In the other dimension, clustering and efficiency are related negatively to participation. Since participation measures the extent to which words are neighbors to words residing in different communities from themselves, we suggest that this dimension may reflect aspects of community structure (cf. Siew, 2013). WMDZscore, which measures the connectedness of a word to the other words in its own community, also loads on sc3, where it is positively related to participation. Interestingly, these variables are related to words’ positions in their communities, but not the size of the communities, which was the only nodal property that did not load strongly on any component (though the standardized regression coefficients suggest that it has a positive overall effect on RTs). The loading of clustering and efficiency on these components may reflect a relationship between clustering and modularity. Areas of lower clustering may contribute to increased modularity, because if two neighbors of a target node reside in different communities (as when participation is high), those neighbors are less likely to be neighbors of each other. Taking these two proposed latent constructs together, this suggests that regions exhibiting generally high interconnectedness may vary in the presence of boundaries between one or more communities, such that some words lie on those boundaries, whereas others do not. The alignment of the DVs with this dimension suggests slower responses to words in regions where many communities intersect.

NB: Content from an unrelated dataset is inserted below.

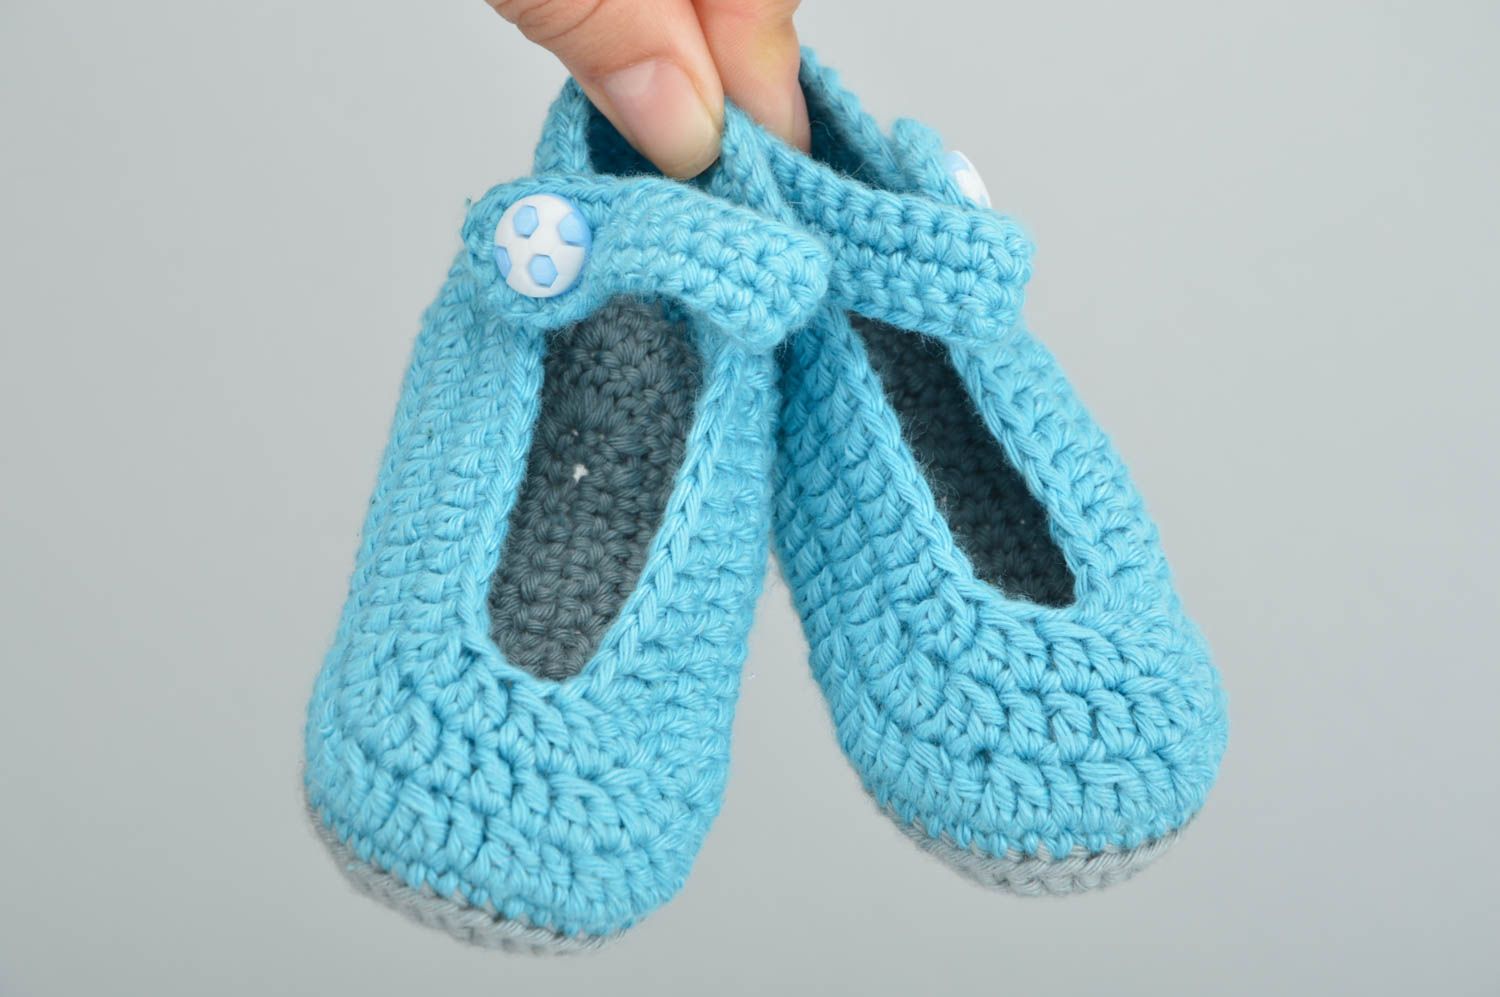 Chaussons pour bébé bleu ciel en coton naturel faits main originaux jolis photo 3

One additional feature of these latter two constructs merits further investigation. On the sc2/sc5 plane (Figure 3, left panel), which we interpret as revealing a generalized concept of interconnectedness (or clustering), the DVs are positively related to clustering/efficiency, and negatively related to betweenness (and PageRank, which had a joint loading on this plane of less than .5, but was nearly parallel to betweenness), but only based on the phonological network. The same variables measured in the orthographic network were orthogonal (perpendicular) to the DVs. Conversely, on the sc3/sc5 plane, which we have interpreted as proximity to the intersections among communities, the DVs were negatively related to clustering and positively to participation (again, loading more weakly on this plane, but parallel to clustering and efficiency), and were orthogonal to the phonological versions of these variables. If our interpretations of these latent constructs are correct, then the opposite loadings of clustering relative to the DVs may be due to the different reasons why clustering/efficiency are related to these constructs. More puzzling is the dependence of these effects on network modality. This is not without precedent (note the facilitatory effect of phonographic clustering reported by Siew & Vitevitch, 2019) and contrasting effects of neighborhood density have long been reported in the literature. This may reflect the complex relationship between phonology and orthography in English, but we leave this for future investigation.

For the most part, as we have already pointed out, the standardized regression coefficients are consistent with the prior evidence, and the mostly small effect sizes are not surprising, especially in light of the shrinkage due to multicollinearity. We focus here on interpreting these coefficients in light of the latent structure revealed in the supervised components, and on observations that either depart from established findings or have little precedent.

First, however, observe that the effects of the duration of the auditory stimuli from the MALD and the initial phonemes of words yielded much larger effects on the tasks involving auditory stimuli or speech production, as expected. Notwithstanding some small effects on visual lexical decision, these variables loaded primarily on components that did not correlate with visual LDT. For example, the loadings on sc7 (Table 3) show strong loadings only for dur_MALD, [s]+obstruent onsets, and auditory LDT latencies. This supports the validity of the SCGLR approach, in that it distinguished when predictors related primarily to one or two DVs, vs. to what all three DVs shared in common.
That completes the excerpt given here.